French Exit
- First edition cover
- Author: Patrick deWitt
- Audio read by: Lorna Raver
- Cover artist: Eric Hanson (illustration) Allison Saltzman (design)
- Language: English
- Publisher: House of Anansi Press
- Publication date: August 28, 2018
- Publication place: Canada
- Media type: Print (paperback)
- Pages: 248
- ISBN: 978-1-4870-0483-5
- OCLC: 1035245009
- Dewey Decimal: 813/.6
- LC Class: PS3604.E923 F74 2018

= French Exit (novel) =

2018 novel by Patrick deWitt

French Exit is a 2018 novel by Canadian author Patrick deWitt. The novel was published by House of Anansi Press and received wide critical acclaim upon its publication, making the shortlist for the 2018 Giller Prize.

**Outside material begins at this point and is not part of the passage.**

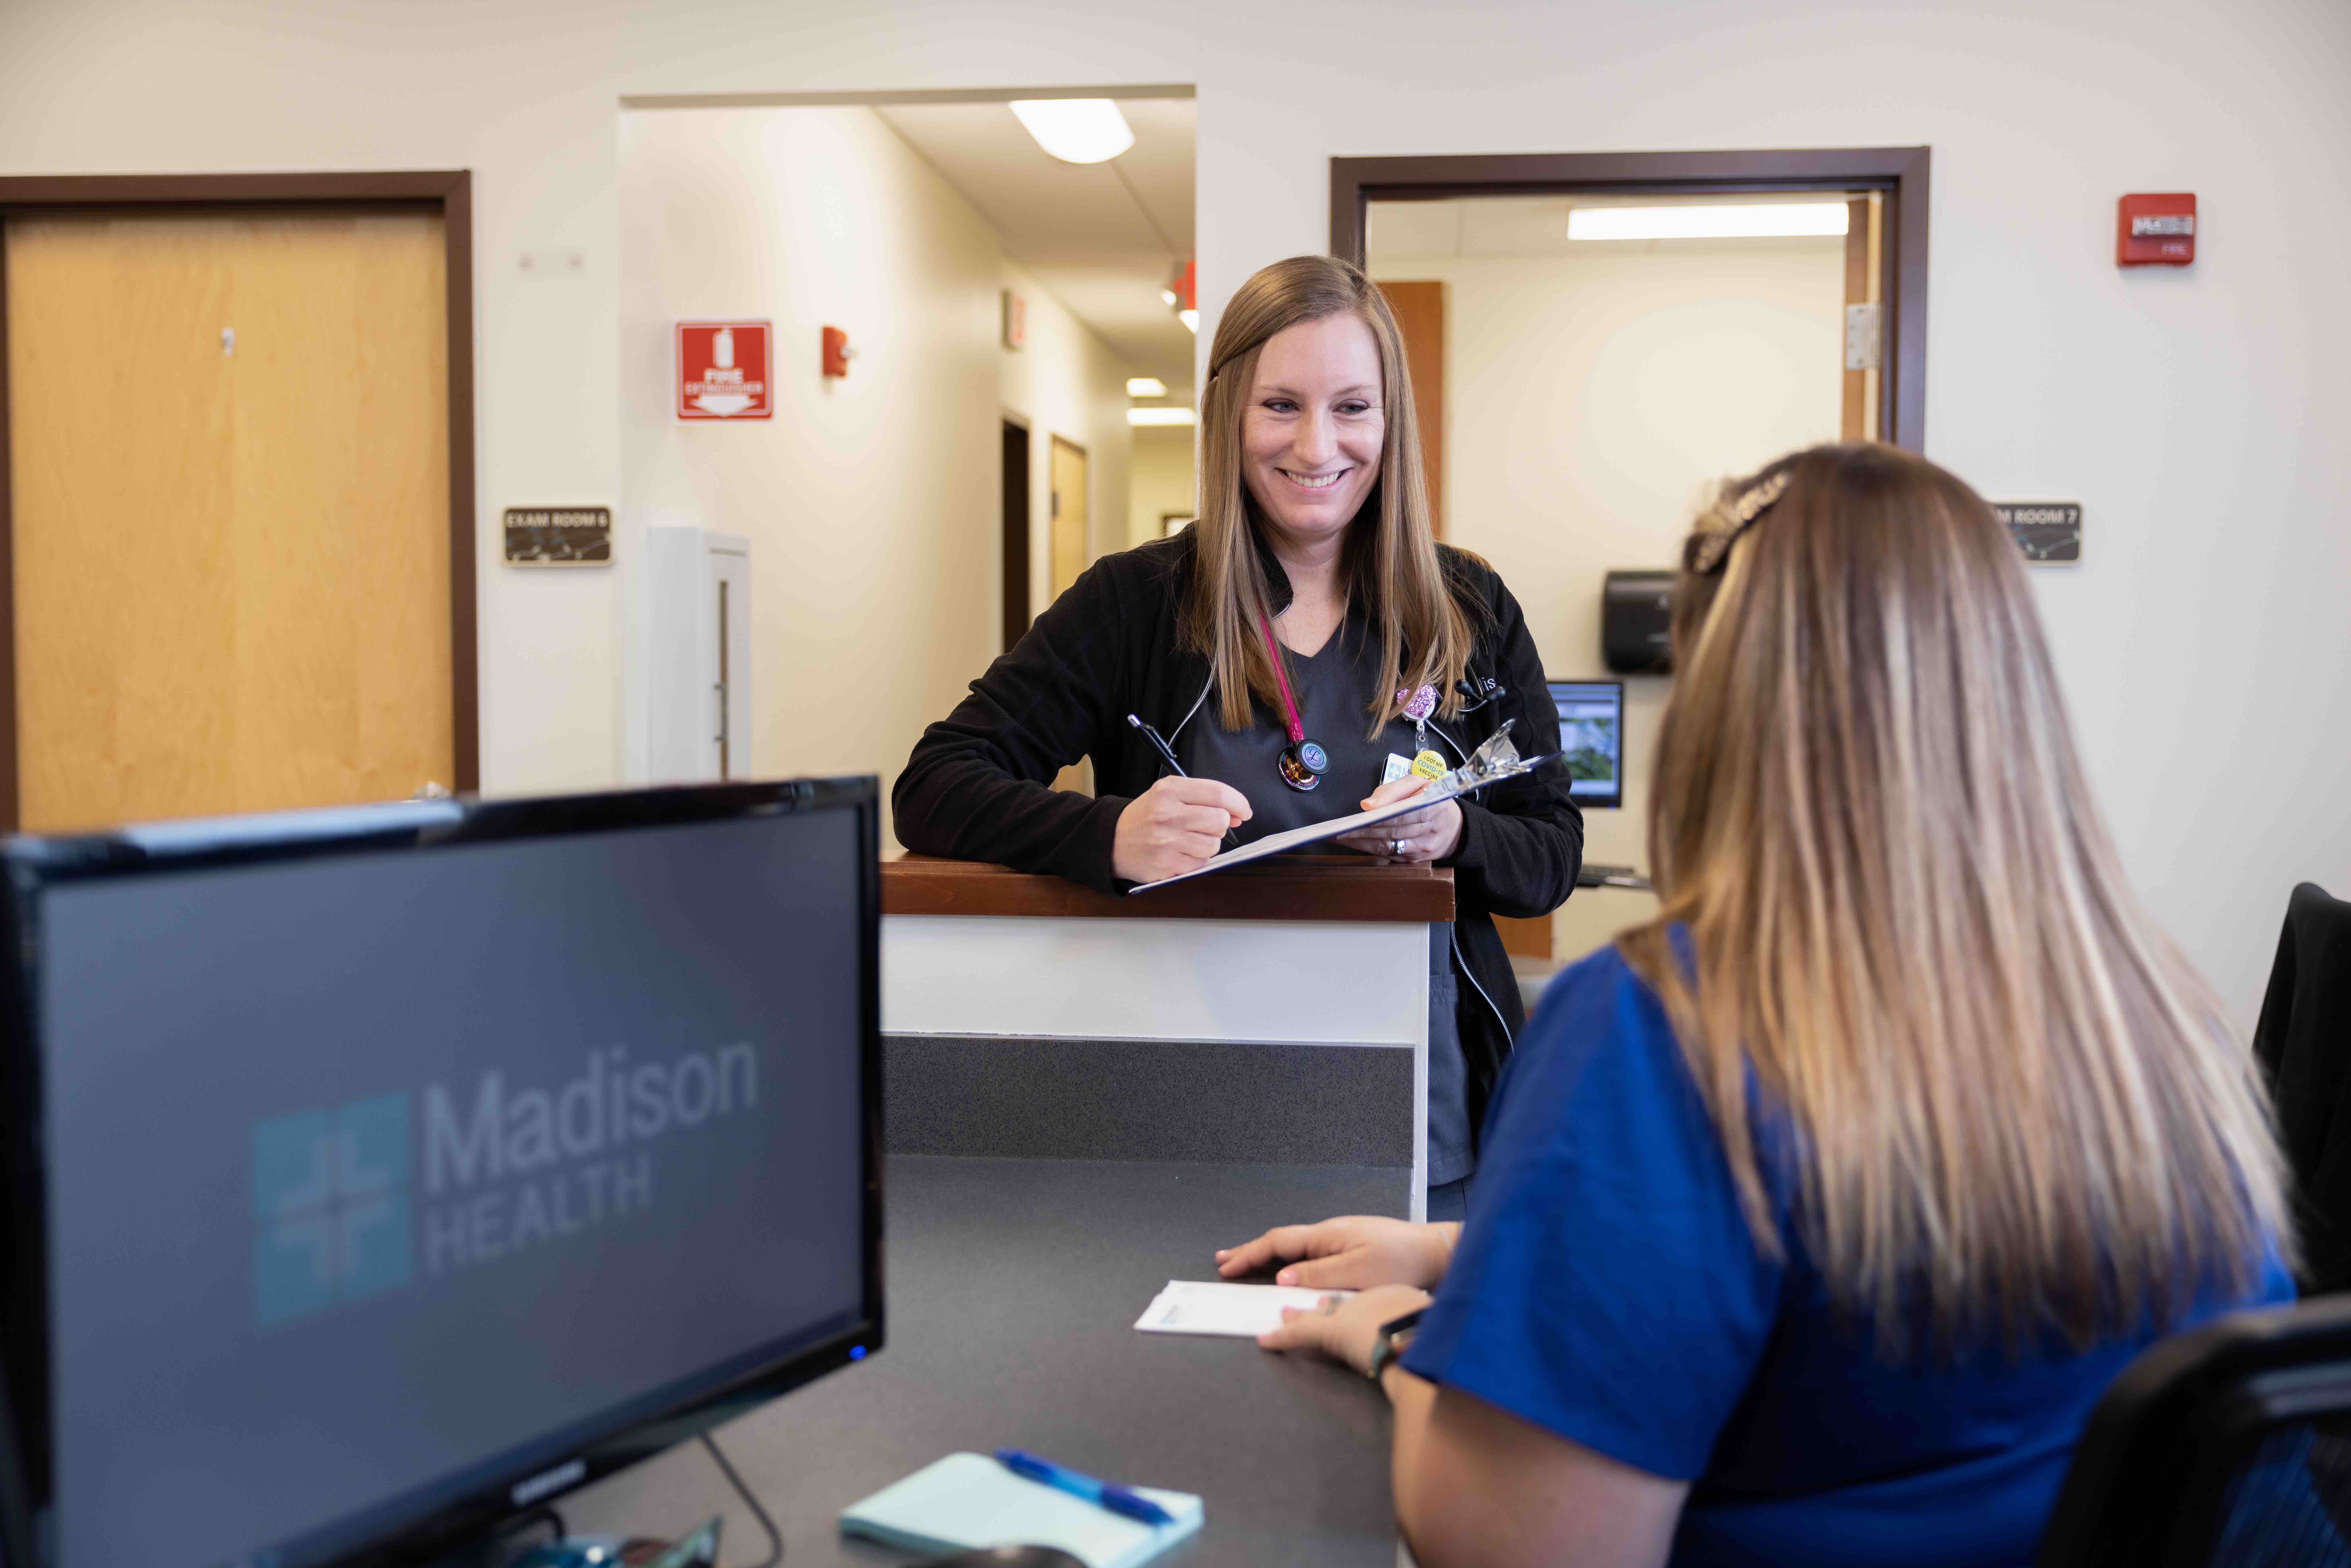 Madison Health Primary Care provider smiling at patient while looking at other provider who has a notepad

Set in New York City and Paris, the novel follows a dysfunctional mother and son duo who are forced to relocate after their fortunes fall.

The title French Exit refers to the expression also known as french leave of an abrupt or hasty departure made without informing anyone.

==Plot==
Frances Price, a 65-year old wealthy widow, and her adult son Malcolm Price live together in New York City. When her financial planner reveals that she is completely insolvent, something he has been warning her about for the better part of a decade, Frances illegally sells everything that she owns and decides to take her childhood friend, Joan, up on the offer to live in her apartment in Paris.

Mother and son, along with their cat Small Frank, take a cruise ship to Paris. Onboard they meet a medium named Madeleine who tells them that Small Frank is inhabited by the spirit of Frances's deceased husband Frank, something both she and Malcolm were aware of.

Frances and Malcolm live a life of misery and near isolation in Paris. Frances begins to spend their remaining money lavishly, developing a "plan" to fix their circumstances. She informs Small Frank of her plan and he runs away.

In order to locate Small Frank, Frances has a friend hire an investigator to locate Madeleine. Madeleine is able to make contact with Small Frank who informs Malcolm and then everyone else that Frances intended to kill him and he has no intention of returning to her. Frances spends the rest of the week entertaining the various guests and friends she has made in Paris including Joan, who shows up believing that Frances intends to kill herself, and Malcolm's ex-fiancée Susan who is still in love with Malcolm and comes to Paris to be with him. Eventually, after spending all her money and reconciling somewhat with Susan, Frances kills herself.

==Reception==
The novel drew wide critical acclaim. The Guardian praised deWitt's "comic genius". The New Yorker praised deWitt as a "stealth absurdist". Esquire named the novel as a Book of the Week and called it "a highly enjoyable read".

==Adaptation==

In May 2019, it was announced that a movie adaptation of the novel was in the works with deWitt writing the screenplay, Azazel Jacobs directing, and Michelle Pfeiffer and Lucas Hedges in the lead roles. In September 2019, Sony Pictures Classics acquired distribution rights to the film. The film was the Closing Night of the 2020 New York Film Festival and celebrated as "A mostly satisfying feast for Pfeiffer fans."